When we picked the Bomb last year as the theme for this issue, we didn’t anticipate the astonishing events that would soon transform eastern Europe and dramatically lessen tensions between the Soviet Union and the United States.
This is a historic, and euphoric, moment; a wave of relief seems natural; we’d all like to believe nuclear war is less of a threat. But who can say? History shudders; the Bomb waits, unblinking. If the end of the Cold War reminds us that politically we’re all naive, that miracles are possible, shall we be more hopeful? Has human nature changed?
Perhaps hope and hopelessness are both traps, taking us away from the moment, from the sorrow and the beauty in every moment. If we are all, in some way, wounded, and if we are, nonetheless, capable of healing our wounds, what does this suggest about the world’s great wounds, and the world’s healing?
At the root of all war is fear, Thomas Merton wrote, “not so much the fear men have of one another, but the fear they have of everything. . . . If they are not sure when someone else may turn around and kill them, they are still less sure when they may turn around and kill themselves. They cannot trust anything, because they have ceased to believe in God.”
Merton was a man of faith, whose faith obliged him to look dispassionately at the world, to bear witness to what needed healing. Perhaps there is virtue in looking in such a way at the Bomb.
— Ed.
A year ago I began writing a book on dreams related to nuclear war — both people’s personal dreams that I am continuing to gather and the collective or cultural “dream” that led to the development of the Bomb in the 1940s.
At one point I decided to rewrite some of the dreams, making the Bomb the central persona. What can we imagine from these dreams of the Bomb’s point of view? What is the Bomb’s voice? What might it be trying to tell us?
What emerged astonished me — so I pass it on.
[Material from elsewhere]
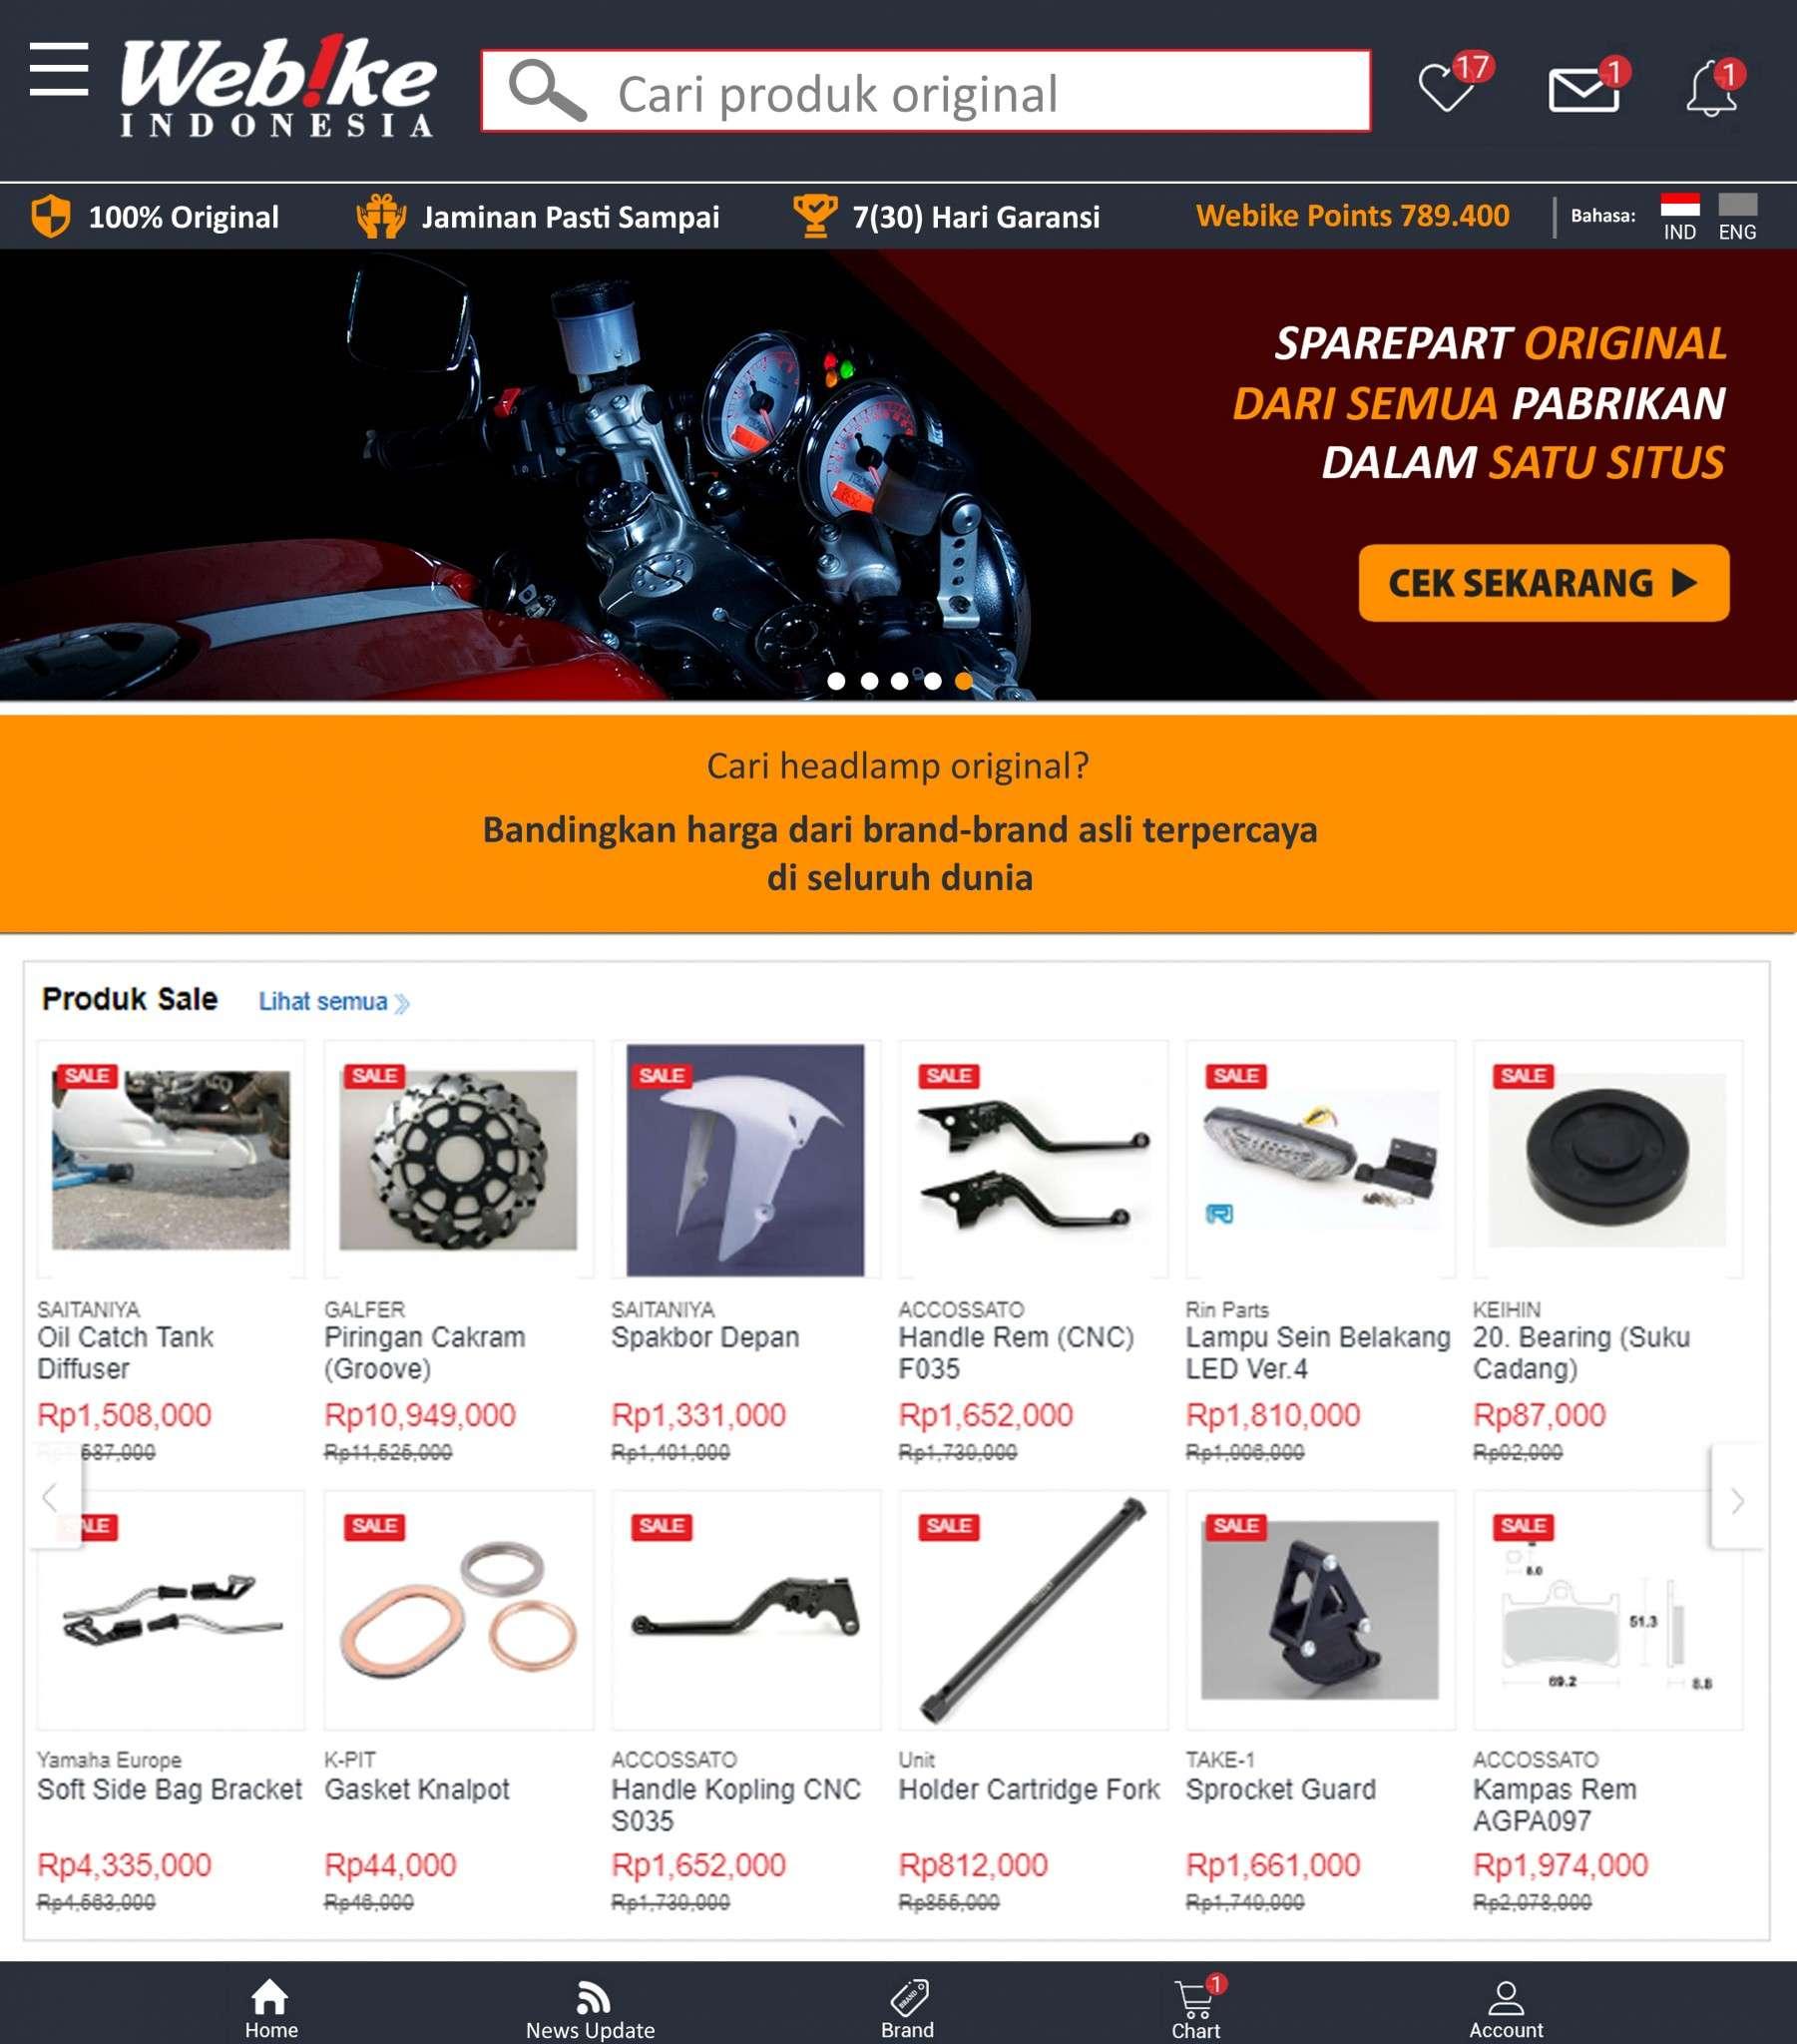 promo sparepart motor & aksesoris berkendara webike indonesia

If anyone who reads this is moved to send me his or her own nuclear dreams, it would be most helpful. Write to Michael Ortiz Hill, 180-F Dakota Street, Santa Cruz, CA 95060-6066.
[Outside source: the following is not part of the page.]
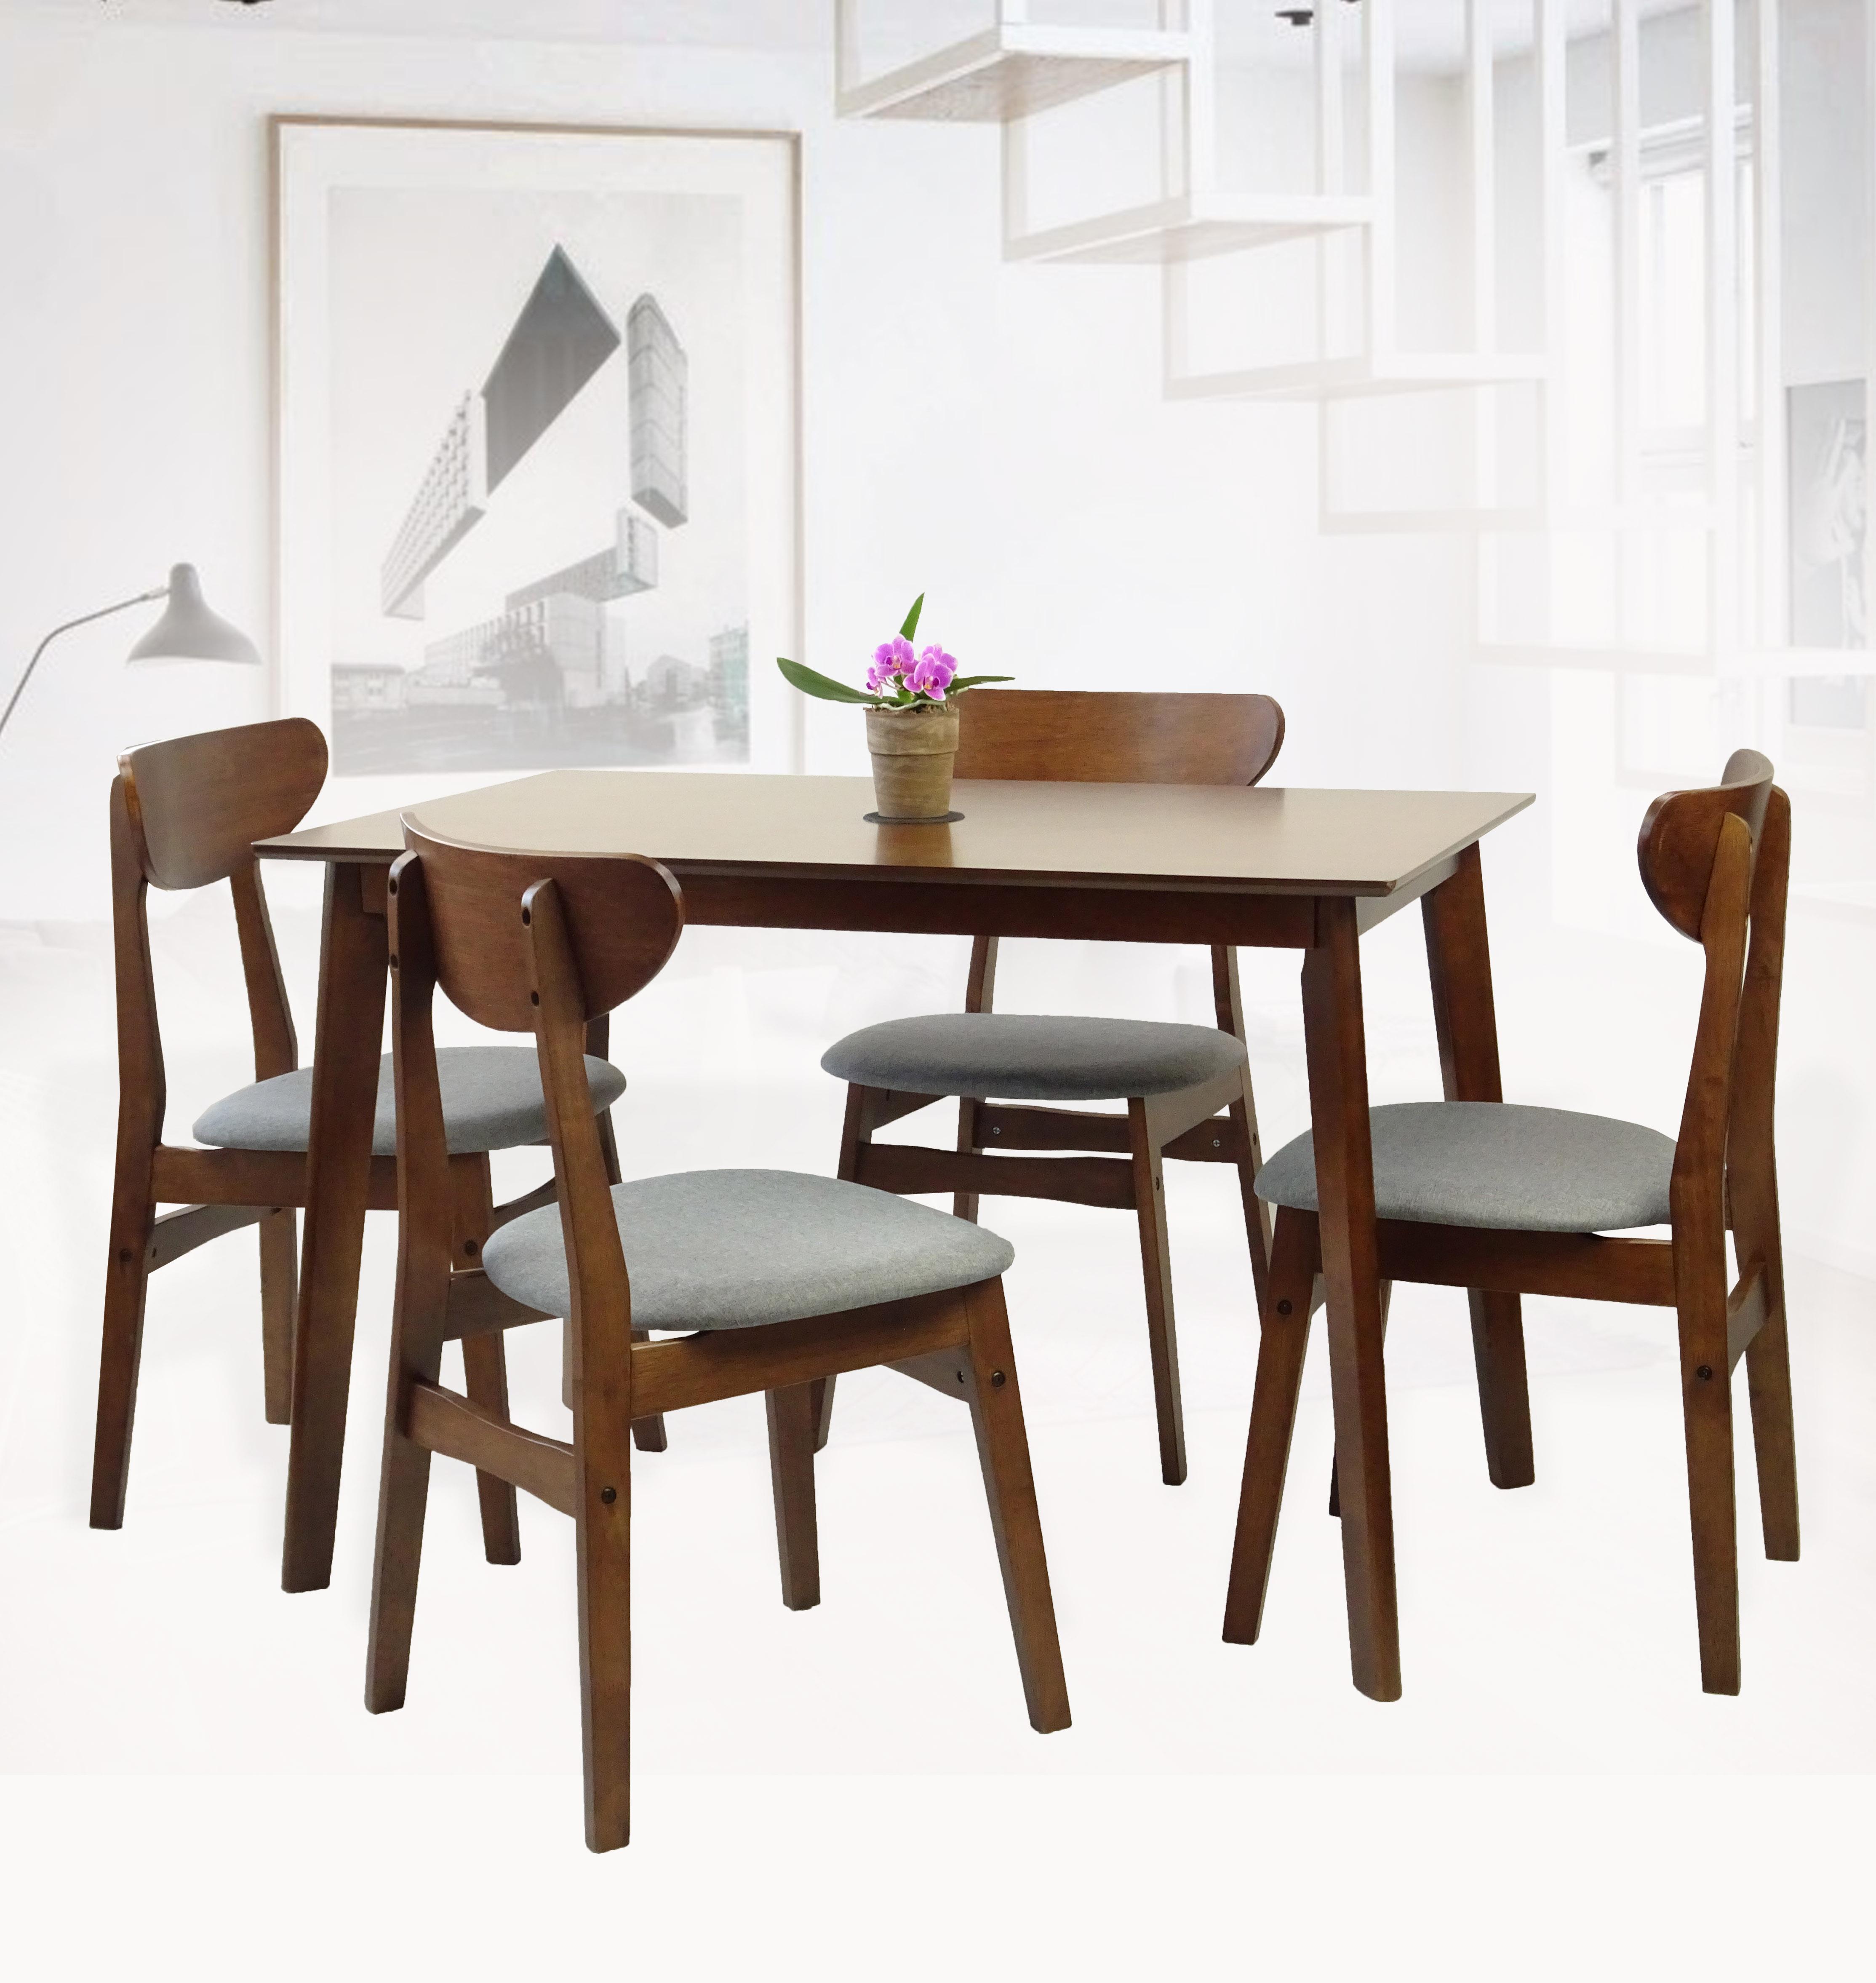 Rattan Kitchen Table: Buy Rattan Wicker Furniture Set Of 5 Dining Kitchen

Basically I’m a very simple guy. I either sleep or burst into flames. That is all. If the truth be told, I have no preference between the two. I was made manifest here for rather nefarious ends in 1945. Before that, I was content with being the slumber of the blackest stones under the earth and the ecstasy in the heart of a million stars. Yet ever since I was born on this small planet I have been beset by nightmares, and my simple pleasures have had repercussions I scarcely understand.
Where I come from there is no question of violence because there is no biosphere to be violated. There is only fire burning in fire. Here, I am in exile. Here, for me to radiate ecstasy is to be implicated in vast murder. That is the nature of my nightmare. And that is also why I fear awakening here.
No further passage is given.